In English 102, you will examine critically (and all that it involves) a variety of texts and do the following:




Annotate, paraphrase, summarize, and outline what is of importance in a text
Analyze/Evaluate a variety of texts
Construct your own arguments (in a credible, persuasive way using facts, statistics, and expert opinions)
Put your original ideas forth in written form according to formal writing rules and formats (MLA and APA)

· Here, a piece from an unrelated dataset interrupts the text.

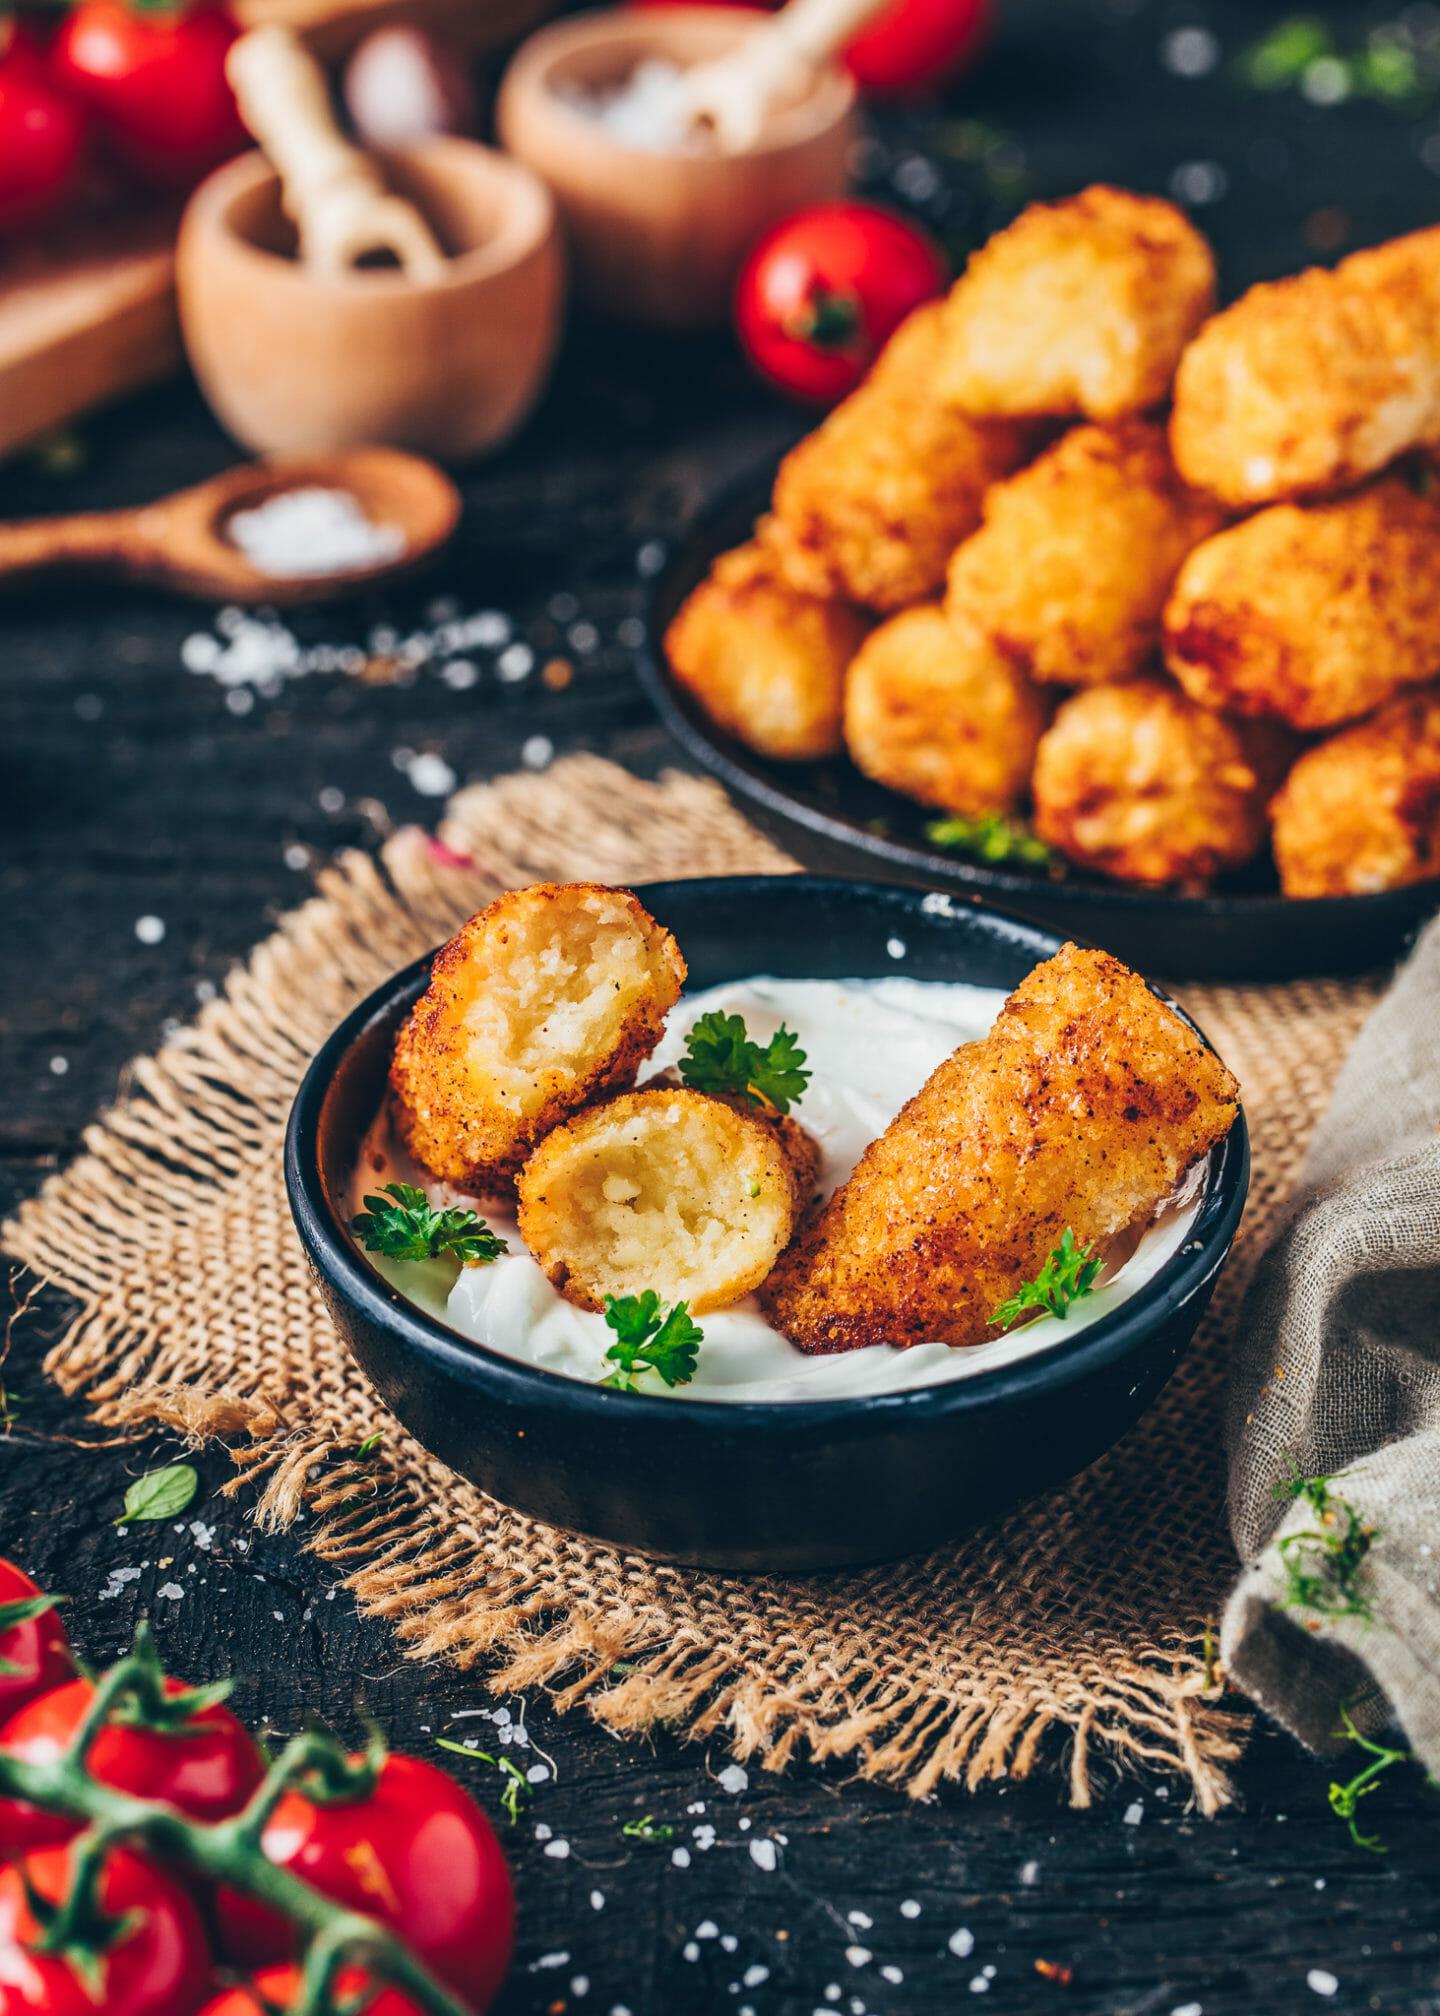 Potato Croquettes with cashew dip (homemade, easy, vegan, gluten-free)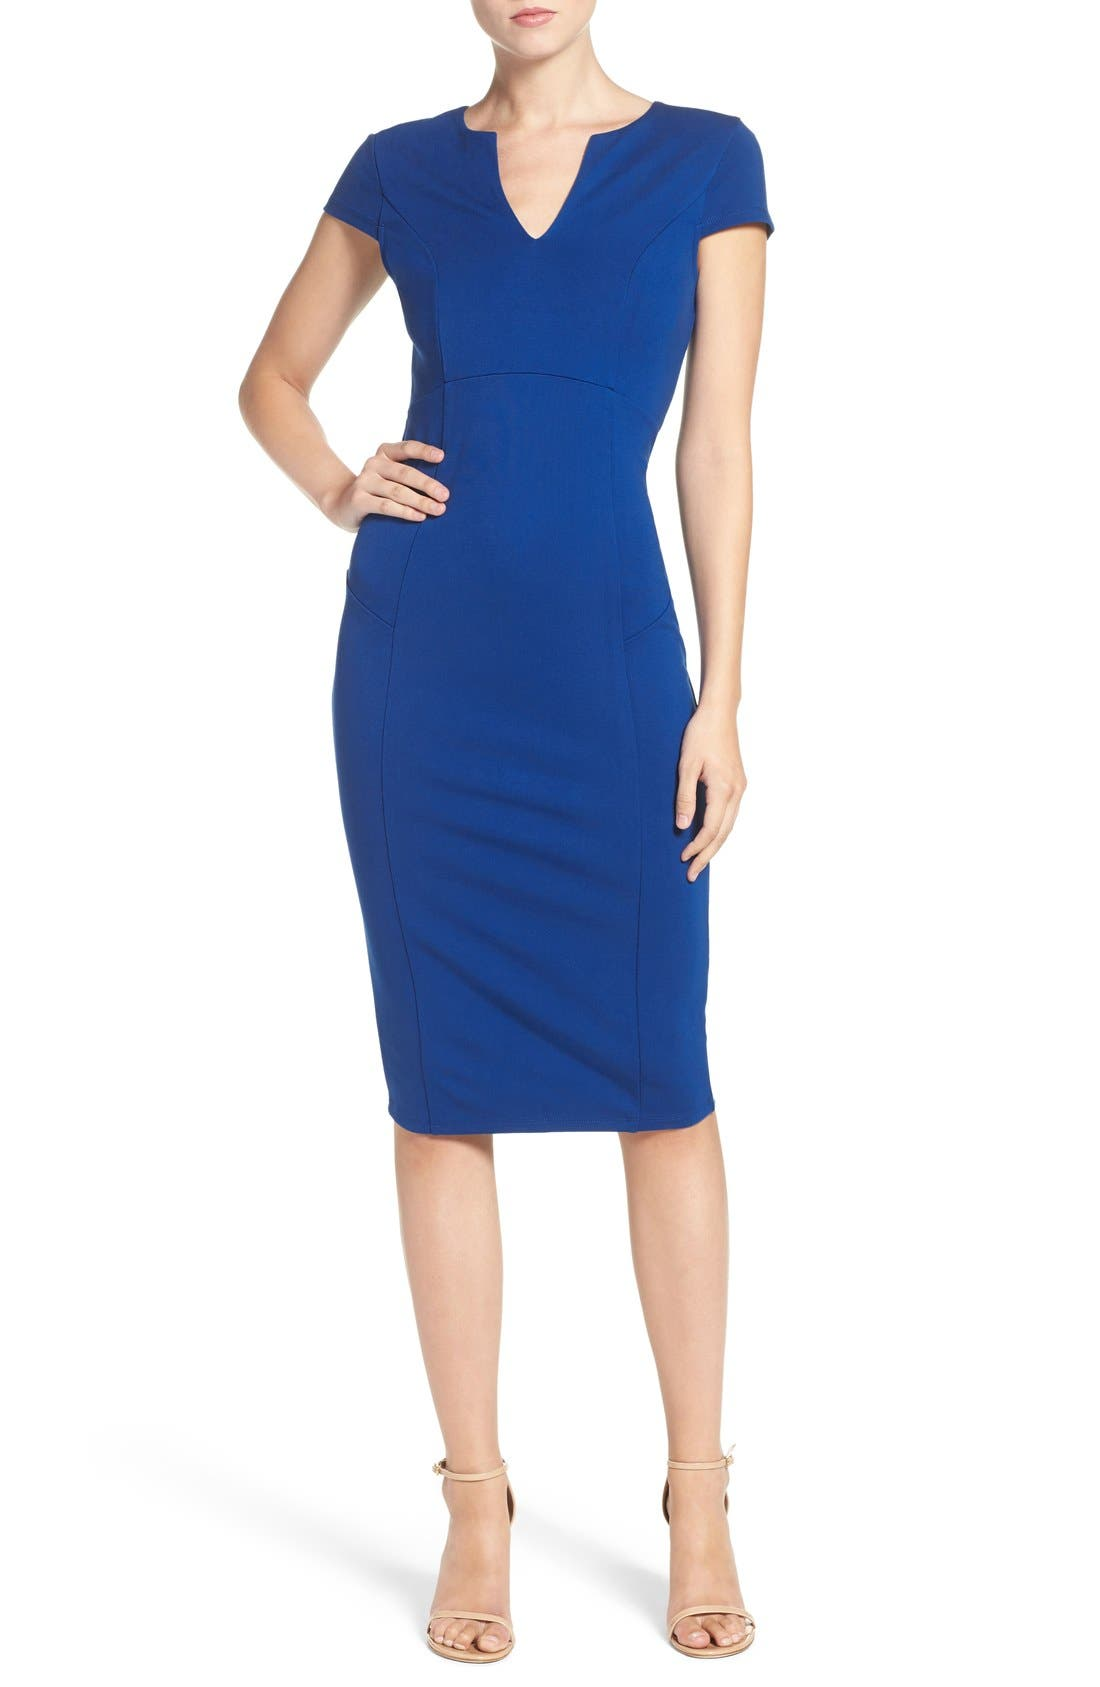 Alternate Image 1 Selected - Felicity & Coco V-Neck Ponte Knit Midi Sheath Dress (Regular & Petite) (Nordstrom Exclusive)

As for the grading scale, given that the skill level of each student can vary drastically from that of the next, all students must read
and re-read, write, and re-write all assignments several times in order to reach the class goals:
All annotations, summaries, paraphrases, quizzes, presentations, etc. (portfolio) will account for 50 points.
First in-class, 5-paragraph opinion essay (in MLA format) will account for 50 points.
In-class participation, including peer-editing, will account for 100 points.
Analysis essay on Robert Frost’s “Design” (MLA) will account for 100 points.
The Chapter 2 of Freakonomics (in APA format) will account for 200 points.
The essay on Shakespeare’s Hamlet /“To be or not to be” analysis essay will account for 200 points.
The final essay on Jonathan Swift’s “A Modest Proposal” (MLA) will account for 300 points.
The total is 1,000 points. There will be no late assignments, no extra-credit, and no excuses beyond medical or other facilitymandated call-outs. As for behavior, act in a manner that is conducive to learning. Work hard and have an edifying experience.